### Problem to work on
A full, exact copy of the listing is needed, with images omitted.

### Information supplied
- - - - -

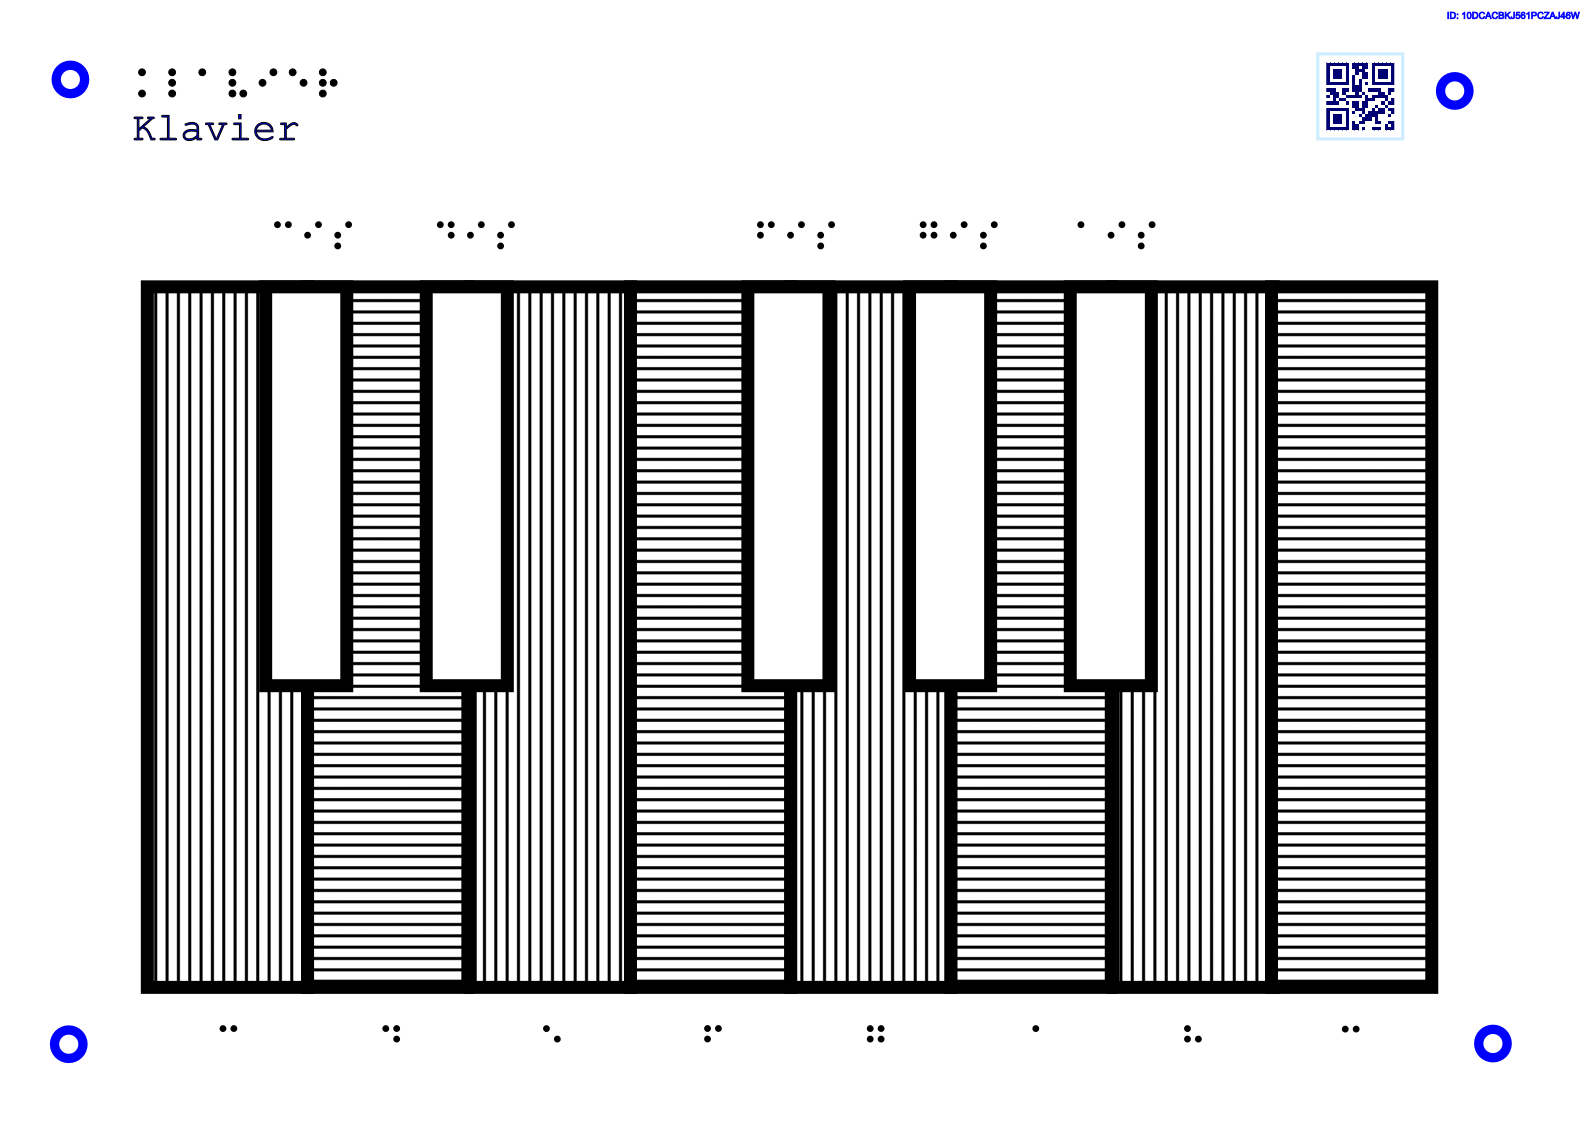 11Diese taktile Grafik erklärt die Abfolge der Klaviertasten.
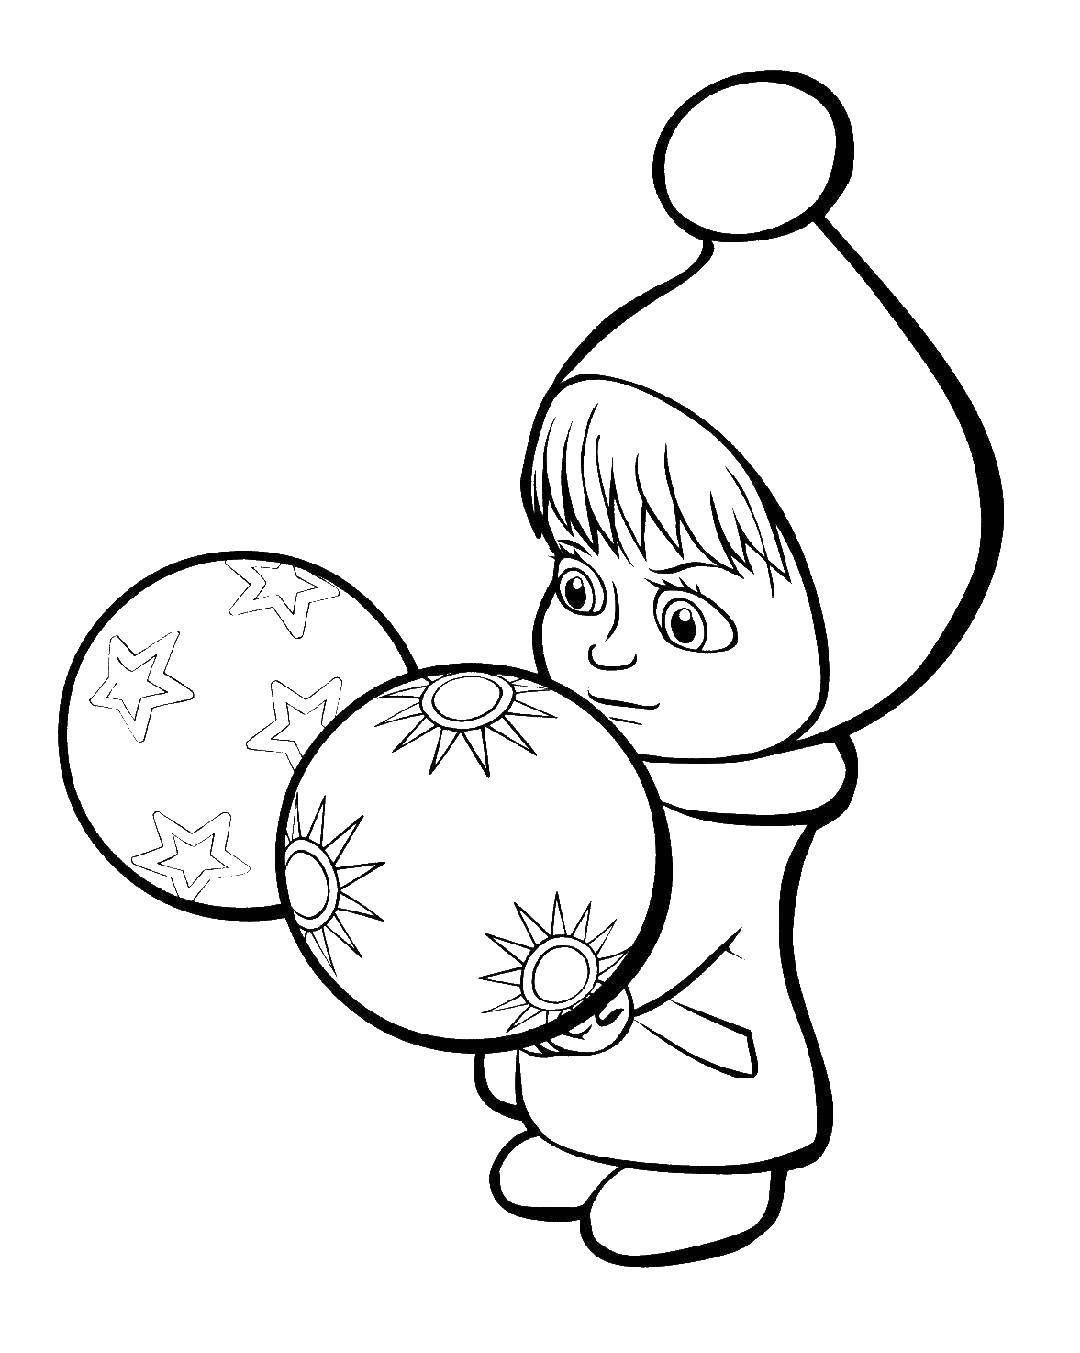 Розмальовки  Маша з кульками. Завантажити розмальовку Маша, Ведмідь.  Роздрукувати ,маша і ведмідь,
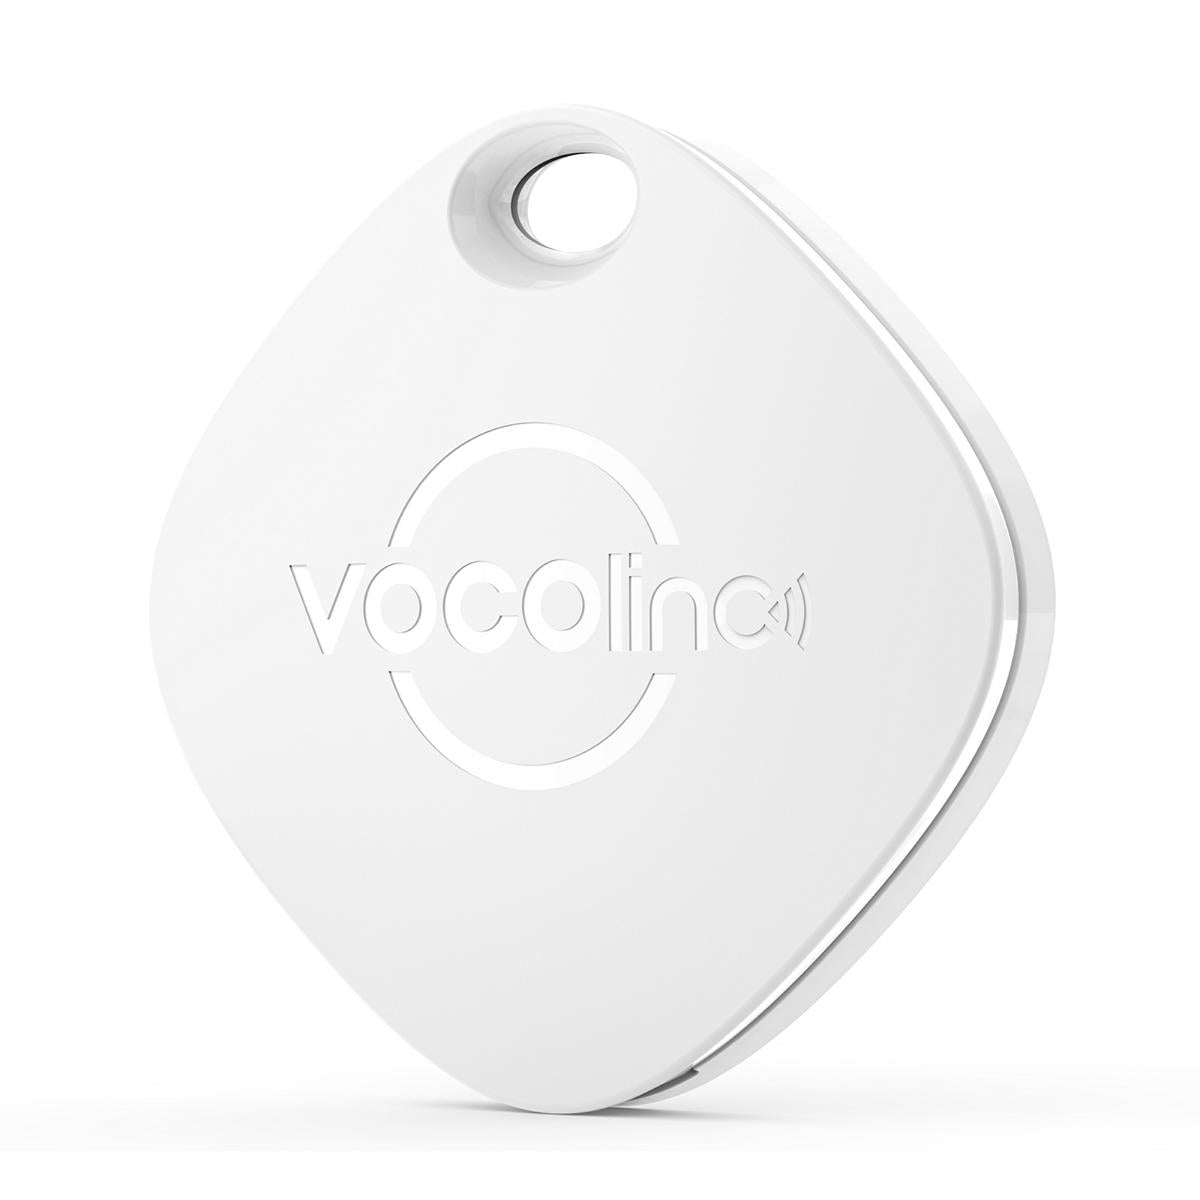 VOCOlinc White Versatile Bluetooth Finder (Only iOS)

- - - - -

### Response box
 11Diese taktile Grafik erklärt die Abfolge der Klaviertasten.
 Розмальовки  Маша з кульками. Завантажити розмальовку Маша, Ведмідь.  Роздрукувати ,маша і ведмідь,
 VOCOlinc White Versatile Bluetooth Finder (Only iOS)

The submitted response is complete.